Rocking the boat. This makes me smile. I have rocked many a boat in my life and nowadays, I’m completely OK with it. In the past, when the boat was rocked and I was punished, I would protest inside (but this is unfair!). Nowadays, I fully accept that it’s pretty expected. If I genuinely believe that I’m being treated unfairly because the boat is rocked, I defend myself – if I decide that there is need for it. Sometimes, I may just let go or leave as well. Admittedly

I sometimes feel pretty smug about rocking some boats – those boats that want to include me or try to include me in a group that’s prone to choose and target some innocents; some ”Professional” environments of mine have been crucibles like this.
So, in my family: I think I have been rocking the boat from my teenage years onward. I had anger issues with my mother and because she has obsessions with being a “democratic family”, there hasn’t been one incident where I didn’t defend my boundaries on this ground

We are a highly political family, mother being the colonizer, me being the colonized. But I’m a subaltern has a sense of a free country (either because she isn’t a full-fledged NPD, because my father had a balancing role, or because I somehow survived through this childhood with behaviours becoming more prominent through self-sabotage rather than submission.)
Recently, I have rocked a very serious boat in my mother’s family’s narcissistic unit by exposing something serious that happened when I was a teenager.
With my friends.
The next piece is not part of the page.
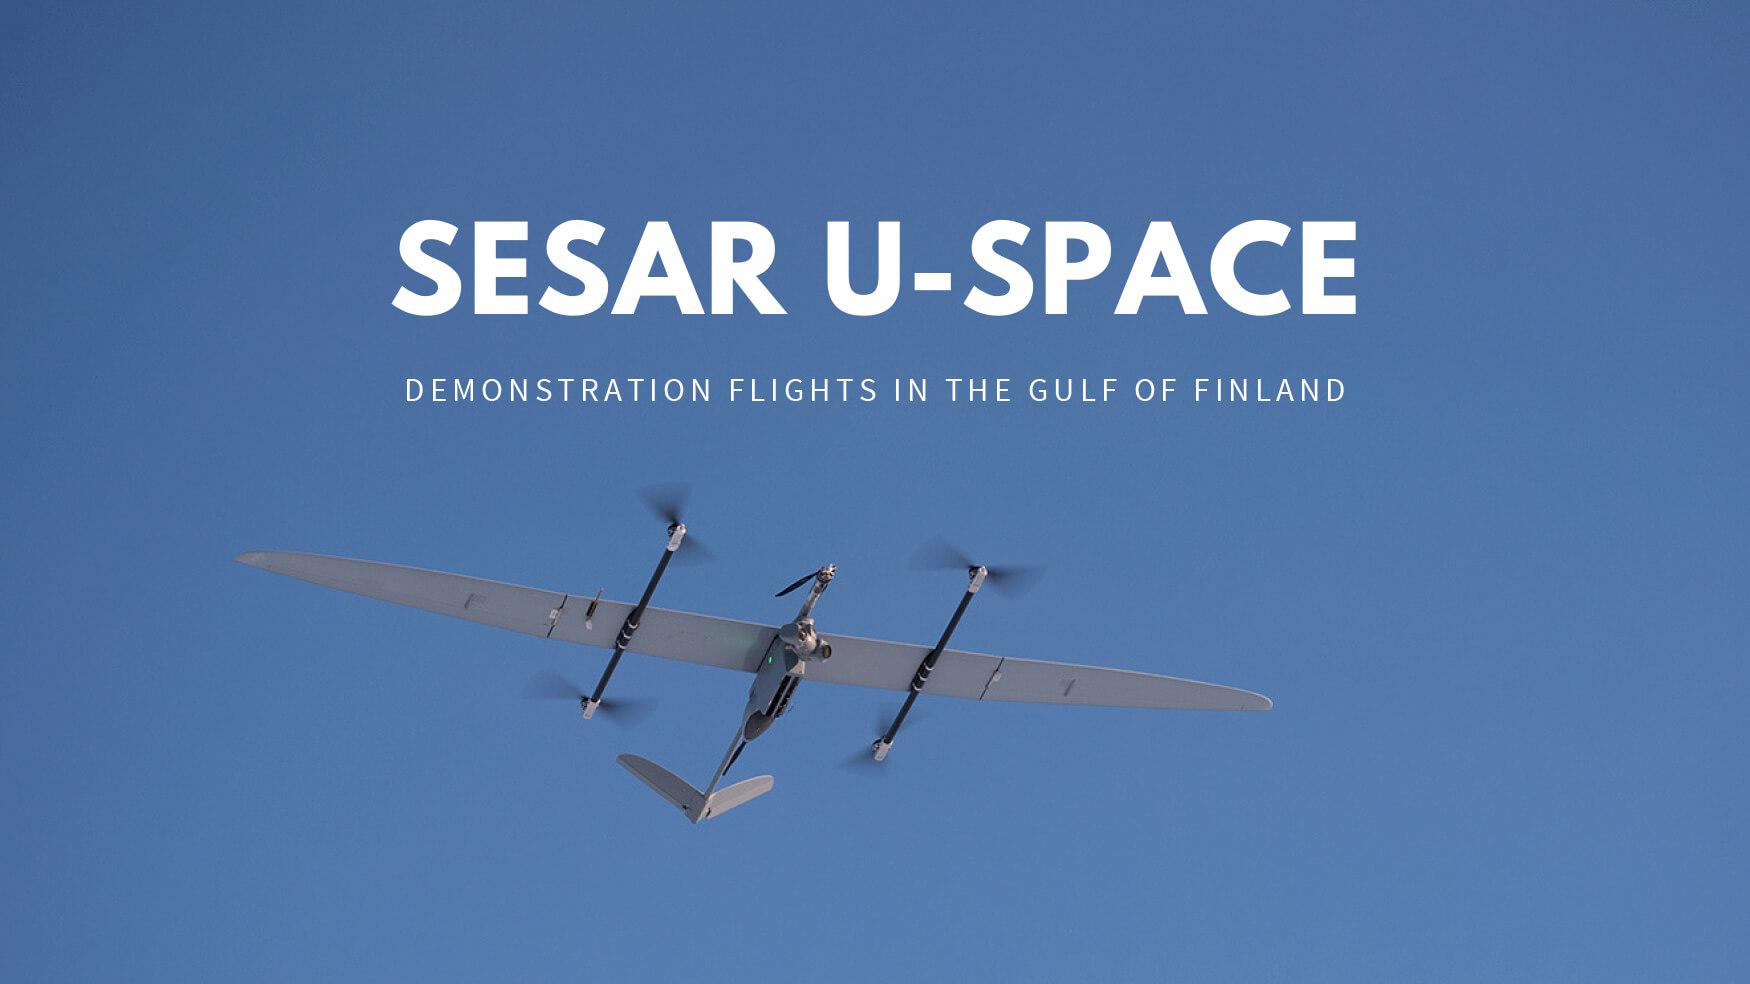 SESAR JU GOF U-Space

Again, I’m not sure. With controlling elder females friends that I was drawn to when I was younger and unhappy, I think I rocked the boat as soon as I felt like that. This didn’t happen through a conscious decision, the boat got rocked when I expressed my new wishes, my new boundaries. It then became very easy to drop those friendships.
With some other close female friends (my besties), I can’t imagine that a boat can be rocked. We can have disagreements, differences, but there is no fear as to what may happen if the boat is rocked. We’ll still be loving friends, I know this.
With a friend, I now see (with the help of FHTH) that I rocked the boat unknowingly. I have no control on that. Unfortunately, my friend and I didn’t have enough closeness to know each other’s reality about us.
In a significant long-term relationship, I think I was afraid of rocking the boat while on the surface I was defending my boundaries. It was a mess on my behalf. We were involved in dysfunction and were living in the rocky boat but we couldn't leave it. It was like being afraid of stabilizing the boat I suppose.
In professional circles, my experiences have been very tiresome sometimes but I have learnt a lot from them. Basically, I'll do what I believe is true and if the boat is rocked it's rocked. There is nothing I can do about that. I've paid for it severely in my career before but am OK with it. I was expected to take sides with people I didn't believe were acting sensibly and they seriously survived on flattery and cliques. I don't regret anything I've done really.